Some small help from fiscal policy

We assume that 2H growth will be supported by some small-scale fiscal easing. We would expect countries to make full use of the standard escape clause enshrined in European rules that will provide some modest support. In the particular case of Germany we think a front-loading of the partial solidarity surcharge abolition to mid-year (from Jan-21) is now very likely. Our assumption on the fiscal modus operandi, therefore, remains: further deterioration first, partial and late repair second. Neither fiscal nor monetary easing can probably avoid 1H weakness, which is (to a very large extent) supply side-driven. But it can facilitate a quicker return to demand growth when disruptions fade and hence try to limit the permanent damage to activity levels.

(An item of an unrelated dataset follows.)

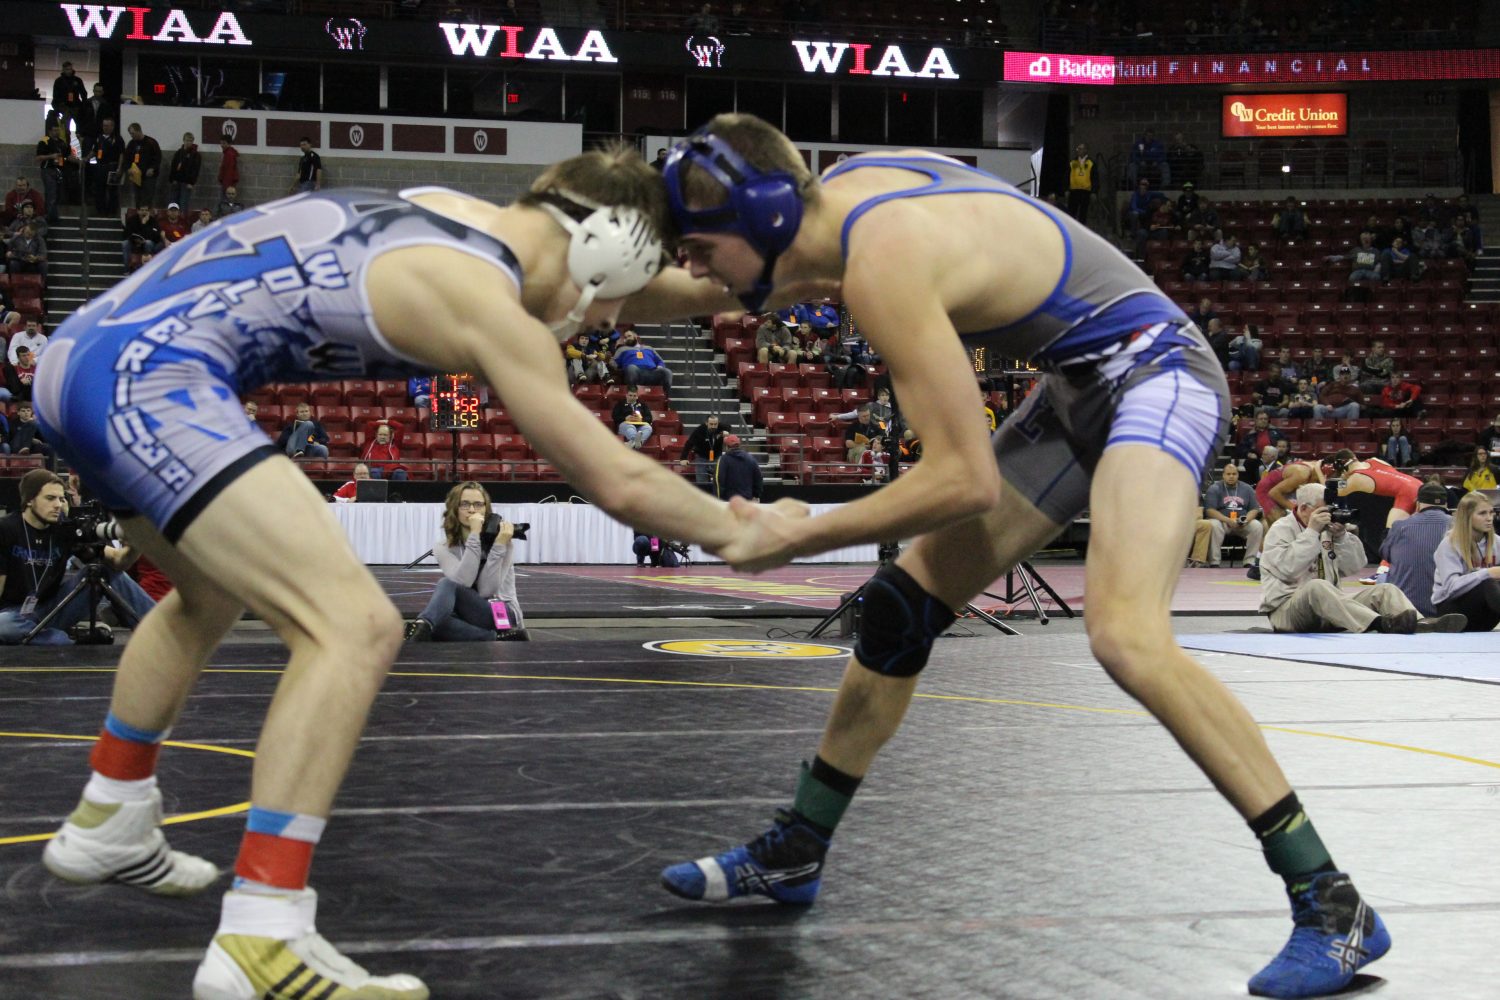 Wrestlers fall short at state

A stronger fiscal response would catch us as an “upward” surprise and could strengthen the very small and partial bounce-back in 4Q20.

The ECB probably cannot be ‘the game in town’

Markets are pricing a 10bp depo rate cut – we still think the bar for this is high. At EURUSD around 1.08 in spite of three Fed cuts being priced and increasing ECB talk of “side effects”, we find another depo rate cut counter-intuitive. The “automatic stabiliser” embedded in forward guidance means low rates for even longer, and that may make corrective action to avoid negative effects of negative deposit rates on bank lending even more necessary – we stick to our call for more generous tiering in 2H20. We cannot rule out the ECB reacting with a small increase in monthly purchases to EUR30bn by the summer (mostly through more private sector purchases), if disruptions go beyond our expectations. But even that, we think, should not be the base case at this juncture.

It goes beyond Europe

This is part of a global revision. We forecast 1Q global growth of less than 1% qoq saar and we cut full year growth from 3.1% to 2.8%. The forecast assumes China gradually returns to work in the coming weeks and there are sporadic outbreaks outside China, triggering strong quarantining measures and further pressure on confidence. Despite a second half recovery, there will be some permanent damage.